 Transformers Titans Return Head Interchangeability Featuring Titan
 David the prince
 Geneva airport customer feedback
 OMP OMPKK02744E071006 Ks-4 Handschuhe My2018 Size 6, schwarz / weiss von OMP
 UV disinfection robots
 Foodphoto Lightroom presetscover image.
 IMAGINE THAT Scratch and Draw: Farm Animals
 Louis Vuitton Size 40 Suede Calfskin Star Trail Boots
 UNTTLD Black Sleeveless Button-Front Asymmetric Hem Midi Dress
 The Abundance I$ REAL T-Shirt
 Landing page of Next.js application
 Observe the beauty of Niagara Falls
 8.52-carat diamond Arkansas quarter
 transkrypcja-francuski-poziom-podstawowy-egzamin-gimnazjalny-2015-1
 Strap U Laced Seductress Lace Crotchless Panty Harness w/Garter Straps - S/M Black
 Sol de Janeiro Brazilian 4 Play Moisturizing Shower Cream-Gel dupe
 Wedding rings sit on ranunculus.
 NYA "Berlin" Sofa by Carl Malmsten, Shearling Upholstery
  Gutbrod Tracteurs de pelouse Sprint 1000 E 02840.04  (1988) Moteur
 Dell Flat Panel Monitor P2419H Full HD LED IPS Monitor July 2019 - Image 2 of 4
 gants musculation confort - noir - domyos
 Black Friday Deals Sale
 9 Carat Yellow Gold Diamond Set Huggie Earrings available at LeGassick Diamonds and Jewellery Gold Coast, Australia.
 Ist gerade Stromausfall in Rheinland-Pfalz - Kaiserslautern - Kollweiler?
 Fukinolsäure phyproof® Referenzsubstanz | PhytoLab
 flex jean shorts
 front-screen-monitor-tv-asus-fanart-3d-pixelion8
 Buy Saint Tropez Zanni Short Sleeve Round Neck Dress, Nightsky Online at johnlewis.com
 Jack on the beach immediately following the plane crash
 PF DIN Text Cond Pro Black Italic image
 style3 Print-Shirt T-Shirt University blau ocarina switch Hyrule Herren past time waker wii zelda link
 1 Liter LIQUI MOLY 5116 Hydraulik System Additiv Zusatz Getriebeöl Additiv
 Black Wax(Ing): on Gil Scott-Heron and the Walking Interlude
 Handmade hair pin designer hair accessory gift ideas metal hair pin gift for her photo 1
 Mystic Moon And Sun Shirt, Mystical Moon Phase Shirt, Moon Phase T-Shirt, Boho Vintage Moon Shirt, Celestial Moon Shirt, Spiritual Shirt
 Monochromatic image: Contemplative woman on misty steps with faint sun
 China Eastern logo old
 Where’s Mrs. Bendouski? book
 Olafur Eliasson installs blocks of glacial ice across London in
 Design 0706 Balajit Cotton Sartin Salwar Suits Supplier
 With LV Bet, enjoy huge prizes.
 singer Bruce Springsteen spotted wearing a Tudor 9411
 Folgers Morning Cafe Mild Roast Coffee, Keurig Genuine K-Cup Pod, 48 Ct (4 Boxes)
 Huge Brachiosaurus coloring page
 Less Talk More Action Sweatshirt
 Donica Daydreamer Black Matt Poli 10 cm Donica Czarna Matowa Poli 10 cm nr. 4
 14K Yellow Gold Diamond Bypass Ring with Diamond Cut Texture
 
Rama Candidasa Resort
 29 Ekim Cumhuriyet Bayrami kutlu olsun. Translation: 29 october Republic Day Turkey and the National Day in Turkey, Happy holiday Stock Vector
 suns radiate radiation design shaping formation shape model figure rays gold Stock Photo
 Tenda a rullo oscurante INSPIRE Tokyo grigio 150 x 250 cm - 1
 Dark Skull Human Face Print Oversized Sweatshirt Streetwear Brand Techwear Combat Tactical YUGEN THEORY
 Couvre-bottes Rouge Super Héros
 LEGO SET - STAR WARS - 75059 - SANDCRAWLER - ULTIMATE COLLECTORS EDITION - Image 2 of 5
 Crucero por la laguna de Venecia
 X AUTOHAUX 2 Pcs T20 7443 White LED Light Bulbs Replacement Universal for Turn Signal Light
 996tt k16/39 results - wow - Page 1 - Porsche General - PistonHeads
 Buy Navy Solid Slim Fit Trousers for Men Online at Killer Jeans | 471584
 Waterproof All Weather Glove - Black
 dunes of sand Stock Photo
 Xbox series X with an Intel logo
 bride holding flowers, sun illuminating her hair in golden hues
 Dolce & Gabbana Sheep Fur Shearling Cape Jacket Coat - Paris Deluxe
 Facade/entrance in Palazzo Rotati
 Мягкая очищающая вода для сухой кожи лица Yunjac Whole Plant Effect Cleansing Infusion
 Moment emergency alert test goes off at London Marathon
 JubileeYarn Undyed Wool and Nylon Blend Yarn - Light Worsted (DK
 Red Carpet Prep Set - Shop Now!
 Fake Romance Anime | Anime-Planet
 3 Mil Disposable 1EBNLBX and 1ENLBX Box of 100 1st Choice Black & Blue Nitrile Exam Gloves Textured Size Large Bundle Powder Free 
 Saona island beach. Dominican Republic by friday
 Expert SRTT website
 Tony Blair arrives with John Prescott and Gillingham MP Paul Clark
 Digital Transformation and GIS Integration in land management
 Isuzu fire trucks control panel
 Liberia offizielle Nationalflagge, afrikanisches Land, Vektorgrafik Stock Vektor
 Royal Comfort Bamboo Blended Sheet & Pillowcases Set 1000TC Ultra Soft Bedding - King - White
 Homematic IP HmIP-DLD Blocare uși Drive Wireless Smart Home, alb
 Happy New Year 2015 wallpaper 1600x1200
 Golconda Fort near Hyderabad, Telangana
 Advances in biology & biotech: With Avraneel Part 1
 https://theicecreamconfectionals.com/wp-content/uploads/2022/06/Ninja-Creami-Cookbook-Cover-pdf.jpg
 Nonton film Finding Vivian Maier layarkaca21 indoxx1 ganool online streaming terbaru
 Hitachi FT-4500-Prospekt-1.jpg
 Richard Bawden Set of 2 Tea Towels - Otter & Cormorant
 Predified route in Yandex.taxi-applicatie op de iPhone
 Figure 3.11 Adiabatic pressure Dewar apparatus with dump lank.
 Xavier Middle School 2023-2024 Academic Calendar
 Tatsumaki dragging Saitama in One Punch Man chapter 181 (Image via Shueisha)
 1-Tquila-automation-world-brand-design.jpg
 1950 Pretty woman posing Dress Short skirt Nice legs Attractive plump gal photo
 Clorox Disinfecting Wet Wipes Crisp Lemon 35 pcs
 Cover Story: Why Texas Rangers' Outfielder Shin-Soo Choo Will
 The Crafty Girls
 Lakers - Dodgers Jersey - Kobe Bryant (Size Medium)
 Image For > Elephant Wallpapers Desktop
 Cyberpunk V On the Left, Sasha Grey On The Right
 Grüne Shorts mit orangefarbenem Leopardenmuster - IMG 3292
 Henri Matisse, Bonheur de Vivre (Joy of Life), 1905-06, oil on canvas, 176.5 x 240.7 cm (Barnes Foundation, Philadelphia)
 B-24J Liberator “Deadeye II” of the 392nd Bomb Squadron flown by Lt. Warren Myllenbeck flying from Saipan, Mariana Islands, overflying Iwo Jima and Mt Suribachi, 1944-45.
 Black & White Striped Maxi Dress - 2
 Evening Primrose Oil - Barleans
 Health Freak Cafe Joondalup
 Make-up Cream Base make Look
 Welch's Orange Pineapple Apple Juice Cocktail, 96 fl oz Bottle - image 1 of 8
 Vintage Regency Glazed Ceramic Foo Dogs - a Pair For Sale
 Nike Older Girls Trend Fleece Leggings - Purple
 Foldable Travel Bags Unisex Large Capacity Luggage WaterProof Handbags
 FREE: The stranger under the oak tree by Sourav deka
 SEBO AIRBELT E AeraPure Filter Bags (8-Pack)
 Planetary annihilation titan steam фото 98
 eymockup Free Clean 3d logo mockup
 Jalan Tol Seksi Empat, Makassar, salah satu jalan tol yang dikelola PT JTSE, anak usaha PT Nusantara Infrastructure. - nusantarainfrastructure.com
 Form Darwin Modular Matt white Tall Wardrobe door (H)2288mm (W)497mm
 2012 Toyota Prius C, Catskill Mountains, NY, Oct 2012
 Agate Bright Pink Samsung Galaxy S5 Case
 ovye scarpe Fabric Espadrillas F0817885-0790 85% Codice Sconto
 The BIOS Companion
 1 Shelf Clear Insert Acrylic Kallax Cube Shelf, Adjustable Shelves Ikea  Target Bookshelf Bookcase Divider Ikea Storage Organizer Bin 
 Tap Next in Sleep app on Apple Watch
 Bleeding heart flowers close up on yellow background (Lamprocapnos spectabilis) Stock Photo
◇ ◇ ◇ ◇
• [TASK ITEM]: Please go line by line through the records above, copying each one that holds the string "Bags".

• [TASK ANSWER]:
 Foldable Travel Bags Unisex Large Capacity Luggage WaterProof Handbags
 SEBO AIRBELT E AeraPure Filter Bags (8-Pack)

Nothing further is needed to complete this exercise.